В приемной уже собралось много высших чинов, каждый стремился первым зайти в кабинет, но старший адъютант Шмундт сдерживал:

— Господа, фюрер занят. Наберитесь терпения, повремените, господа!

Важно прошествовал через приемную, выходя от фюрера, Герман Геринг второе лицо империи. Раскланивался направо–налево и был расцвечен, как павлин. Следом за ним вышел Геббельс, этот был в строгом темном костюме с единственным на груди золотым партийным значком, и столь же строгими, крупными и пожирающими глазами. В ответ на приветствия он лишь приподнял руку, ничего не сказав, и направился по коридору к себе в кабинет.

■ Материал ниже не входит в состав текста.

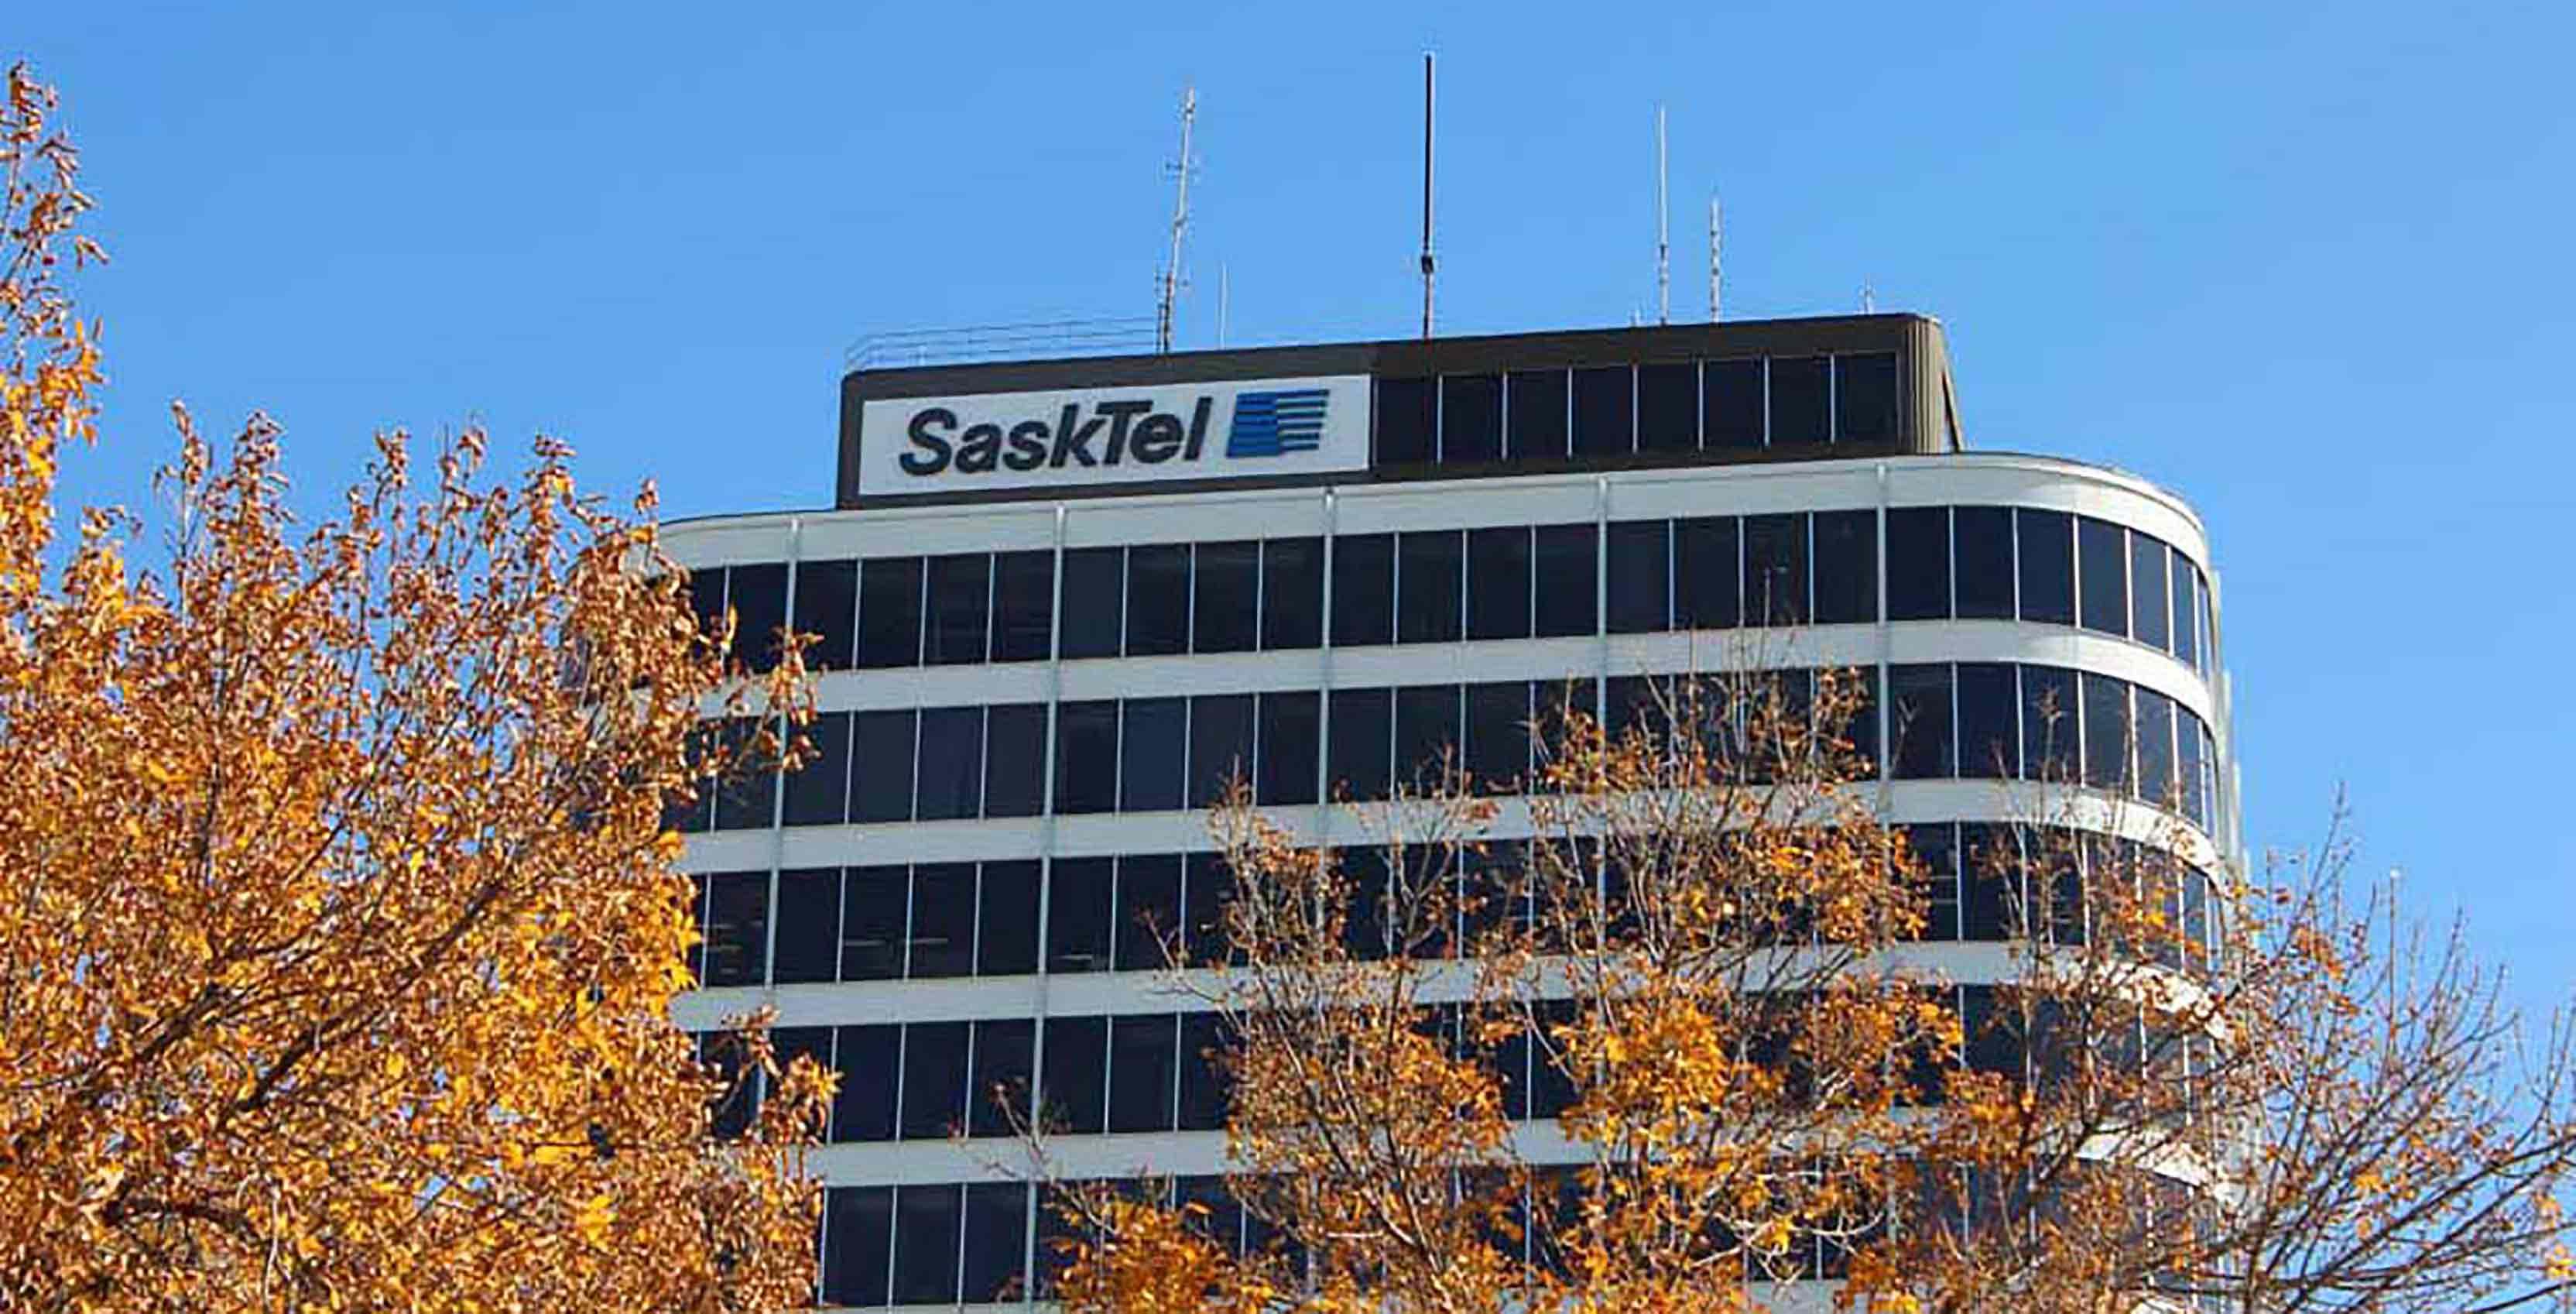 SaskTel HQ in Regina, Saskatchewan

Между тем приемная пополнилась новыми лицами: зашел начальник генштаба сухопутных войск Цейтцлер, маленький, округлый, — мячиком вкатился, затем появился генерал Хойзингер, выбритый до синевы, причесанный, надушенный одеколоном. Все спешили доложить последние вести с фронтов и по возможности высказать свои соображения, скорее ради того, чтобы понравиться Гитлеру. Завидев Хойзингера, Кейтель ревниво подумал, что когда–то Гитлер предпочел именно его, заметив: "Хонзингер умеет соображать. Пусть он докладывает". Неужели и теперь фюрер предпочтет его всем остальным, даже в обход и Кейтеля. Это неприятно коробило фельдмаршала.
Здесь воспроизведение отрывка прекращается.